A long and arduous past year has brought few opportunities for celebration and optimism, but for two hours the thousands of Brazilians with allegiance to Palmeiras saw their club reach the pinnacle of South American Club Football for the second time. Undoubtedly the green of Palmeiras will be worn with extra pride across the barrios of Sao Paulo and beyond.
The game “made in England but perfected in Brazil” took centre stage in households across South America, as their equivalent to the Champions League was played to a finish in one of football’s spiritual homes. The Maracana has played host to countless legendary battles, not the least the 1950 and 2014 World Cup finals, although this final did not provide a similar level of spectacle. What we did see was the 331st iteration of the Classico da Saudade, Palmeiras vs Santos, a match that produced few highlights but was ended with a devastating sucker punch.
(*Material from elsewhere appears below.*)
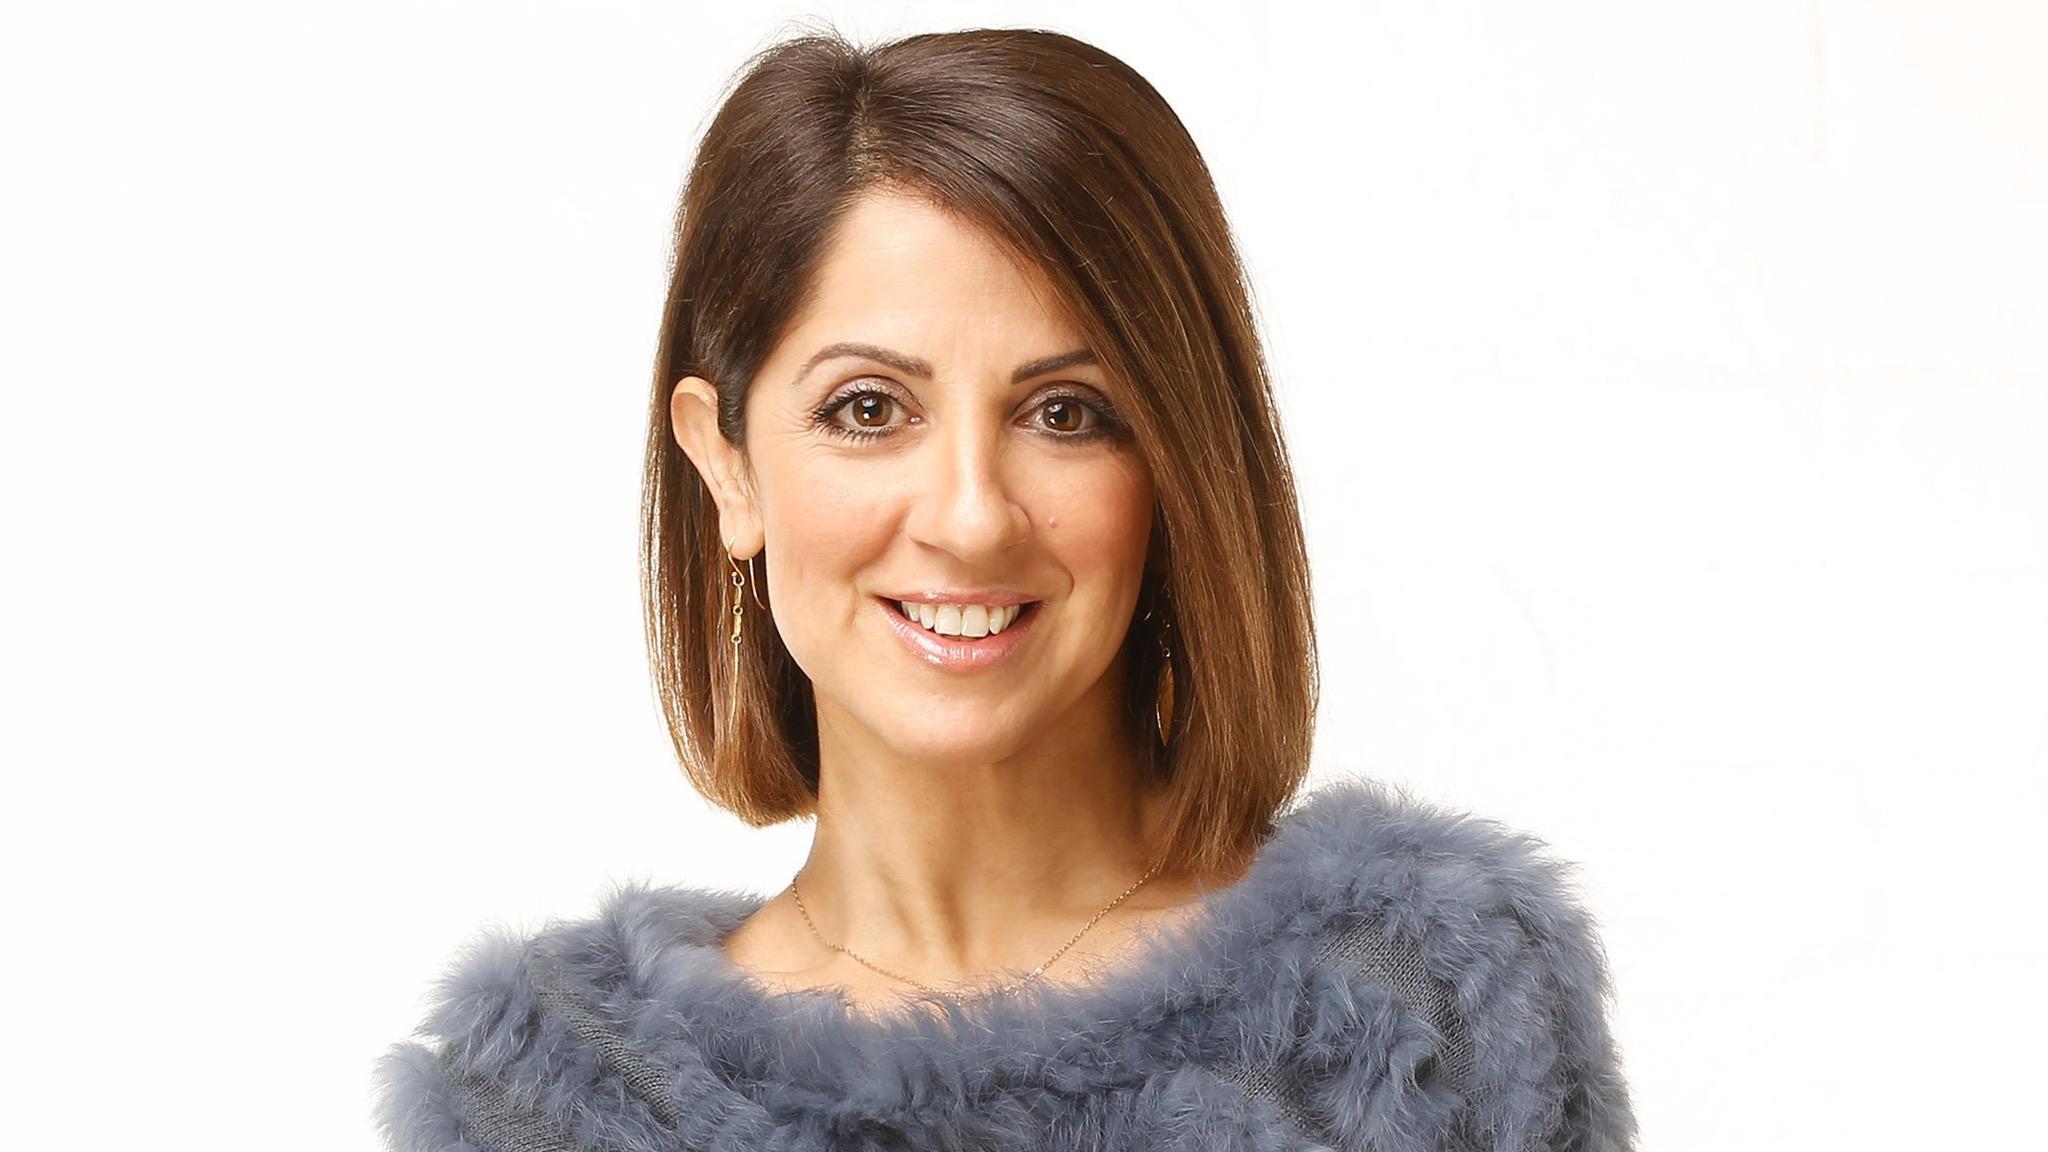 Silvie Paladino

The Copa Libertadores is famed for the “Sueño Libertador” or the liberator’s dream, the overwhelming importance placed by clubs and fans on winning the continent’s top footballing prize. Nowadays the Libertadores reflects South American football’s dual role as the breeding ground for top talent and the provider of potential fairytale endings to the careers of longtime star players.
We saw both of these in abundance throughout the tournament with young stars like Kaio Jorge, Nicolas De la Cruz, and the Brighton-bound Moises Caicedo impressing observers from across the globe, while icons like Carlos Tevez and Felipe Melo continue to enjoy their late career swansongs. Without a doubt this iteration’s star was Santos winger Marinho, who ended on the wrong side in the final but nonetheless received the Player of the Tournament award.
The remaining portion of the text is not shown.